● **RECORDS SHOWN**:
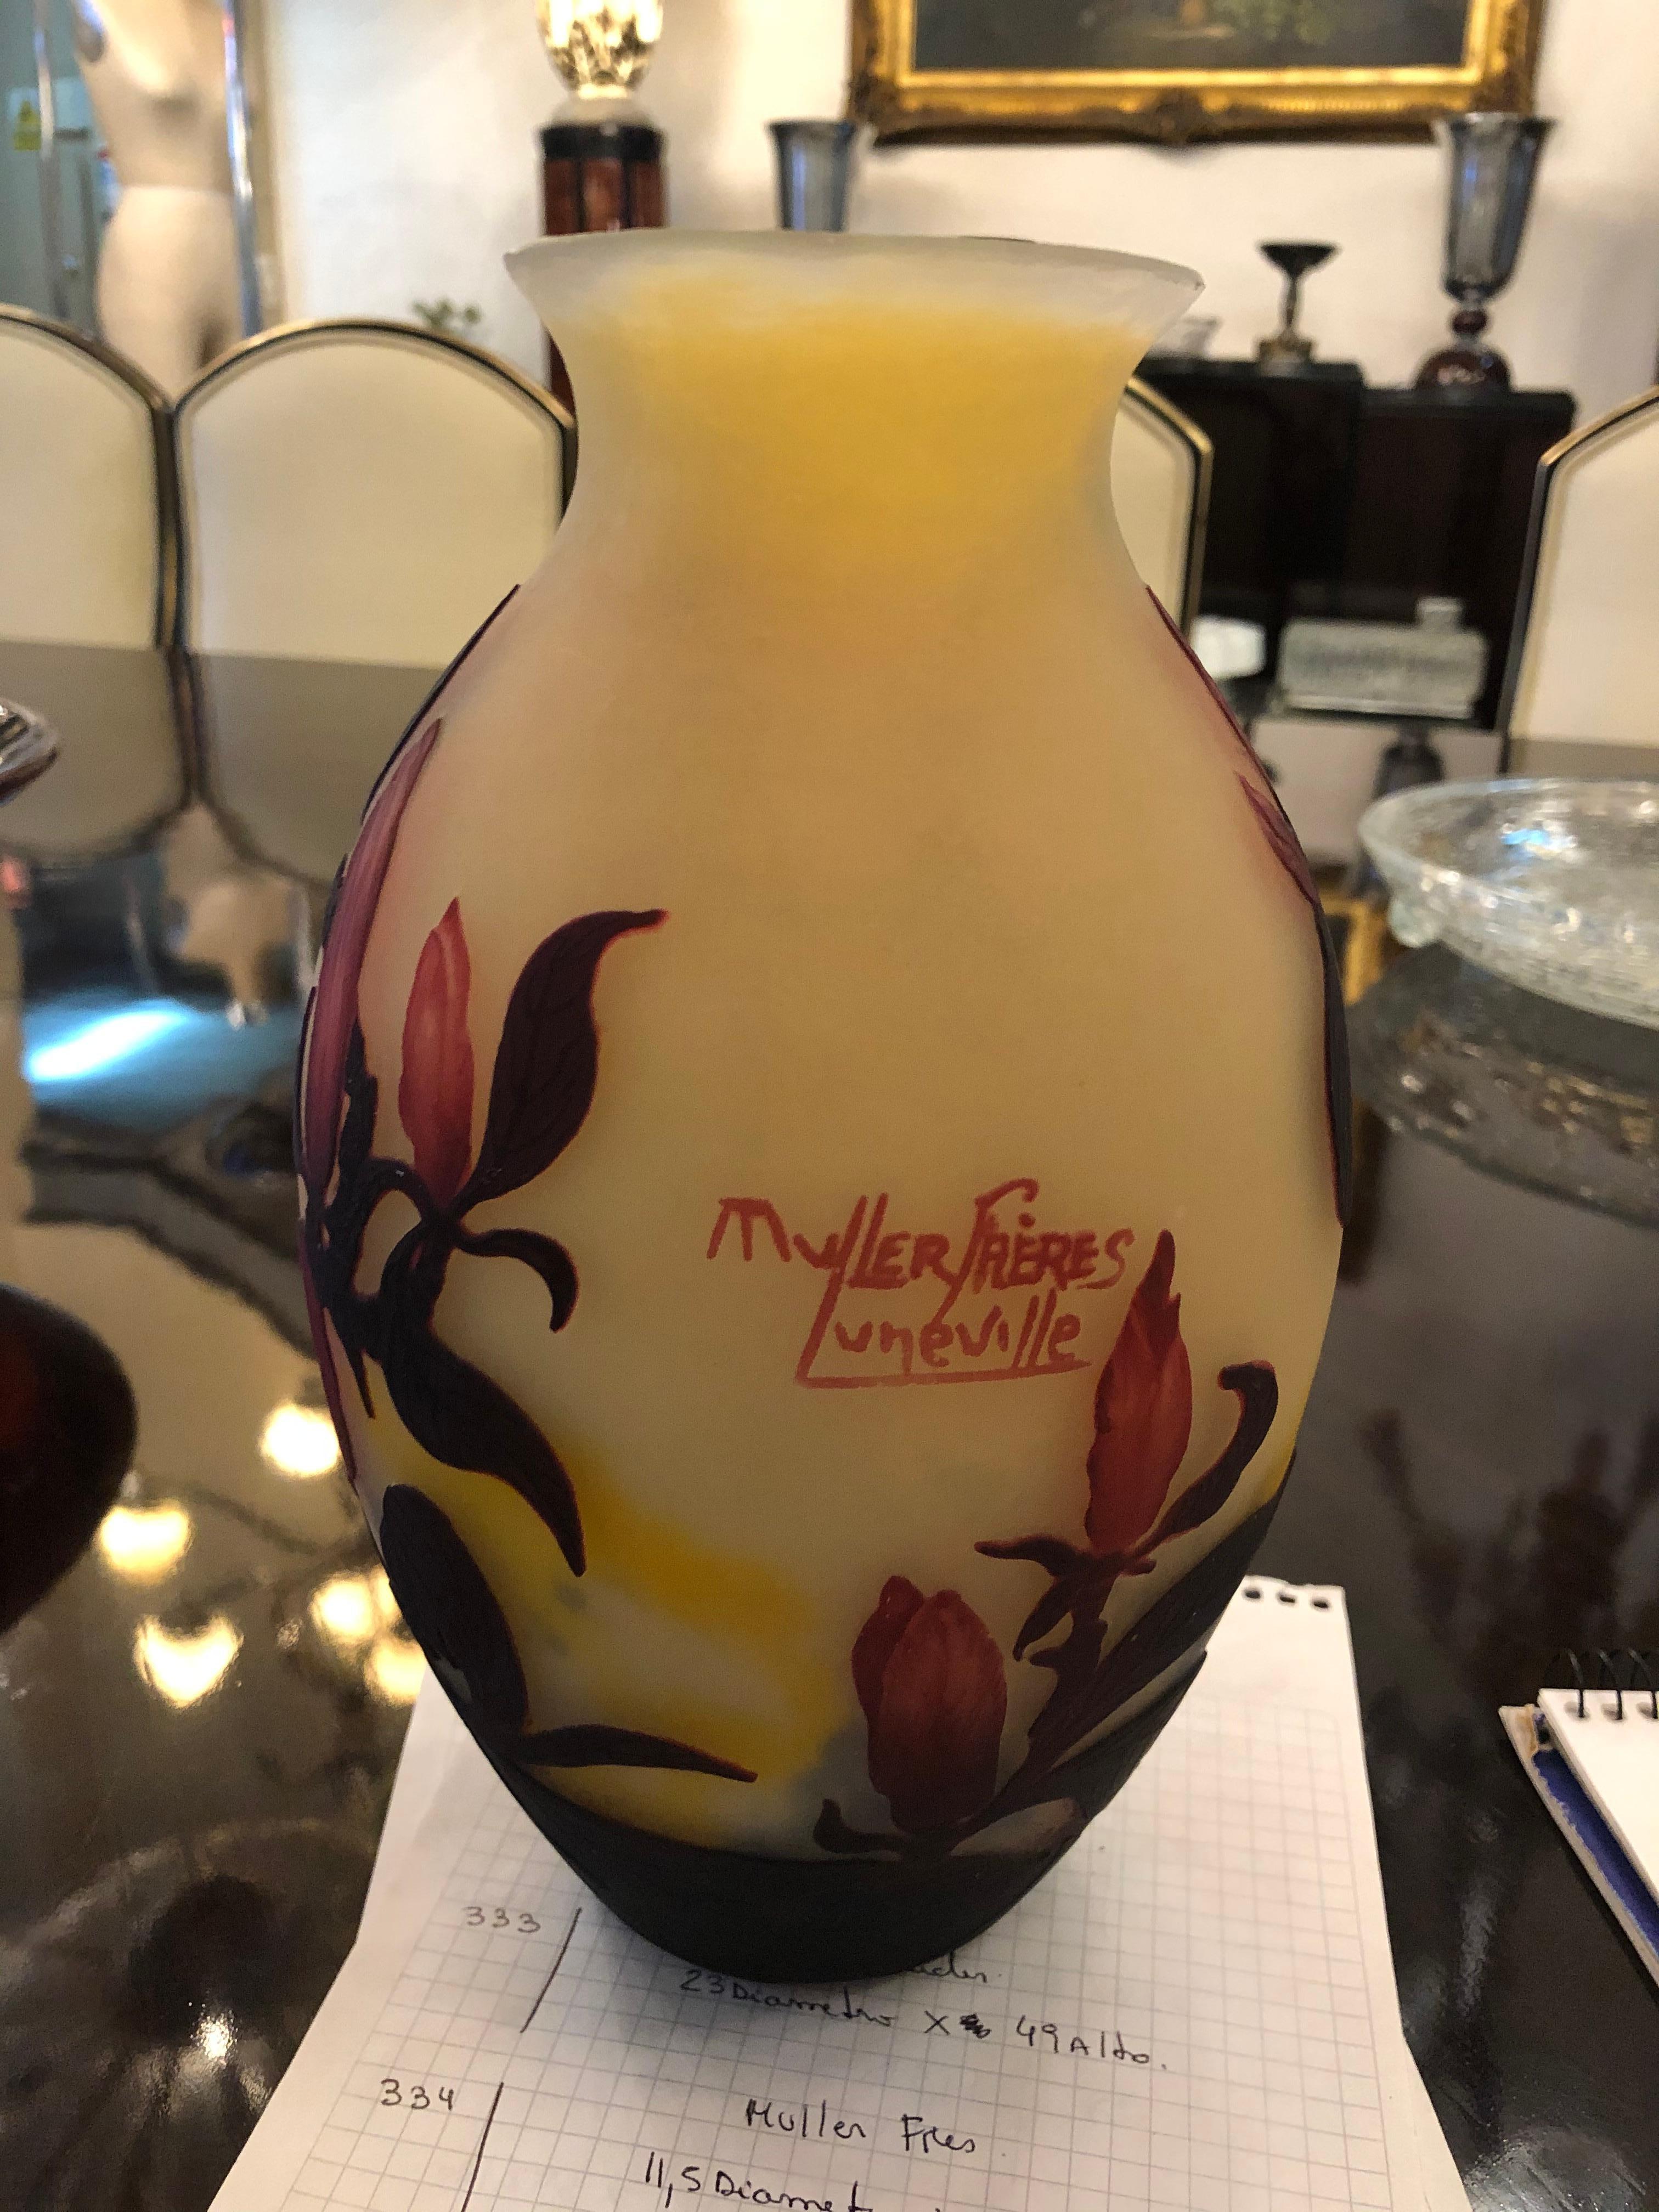 Vase Sign: Muller Freres Luneville
acid worked
Muller Feres
The heart of the company was formed by five brothers (Henri, Desire, Eugene, Pierre, Victor) from a glass making family who trained and worked at the Galle factory. Henri set up a
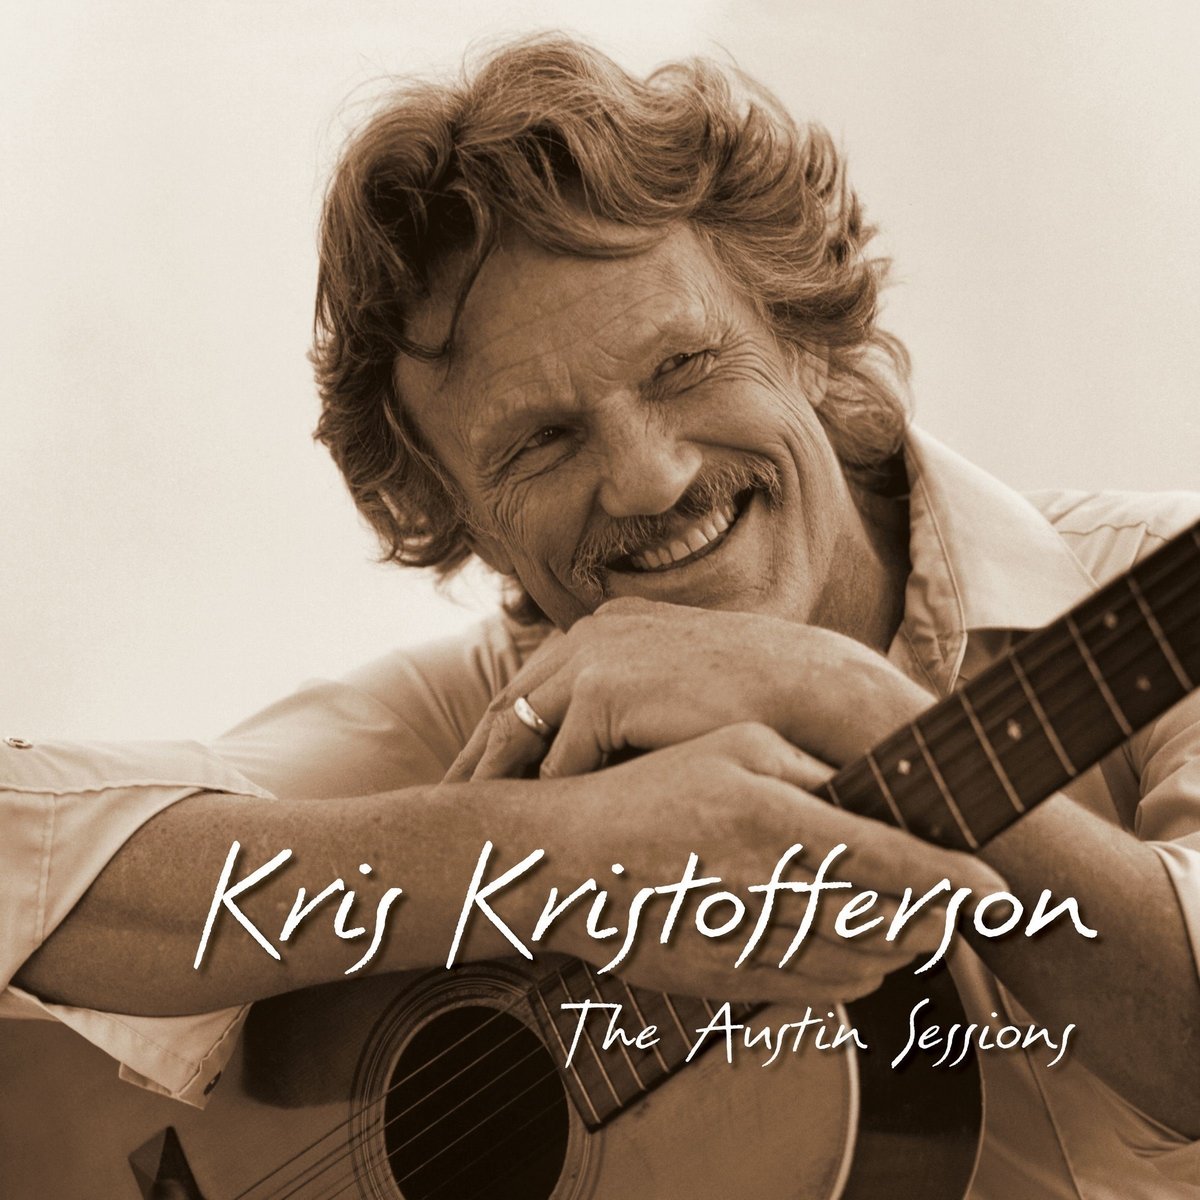 Kris Kristofferson - The Austin Sessions (Expanded Edition) (2017) 24bit FLAC Download

● **WORK REQUEST**: What you return should be only the lines from the line with "The heart of" through the last line of the listing above, exactly, both ends included, pictures excluded.

● **RESPONSE**:
The heart of the company was formed by five brothers (Henri, Desire, Eugene, Pierre, Victor) from a glass making family who trained and worked at the Galle factory. Henri set up a
 Kris Kristofferson - The Austin Sessions (Expanded Edition) (2017) 24bit FLAC Download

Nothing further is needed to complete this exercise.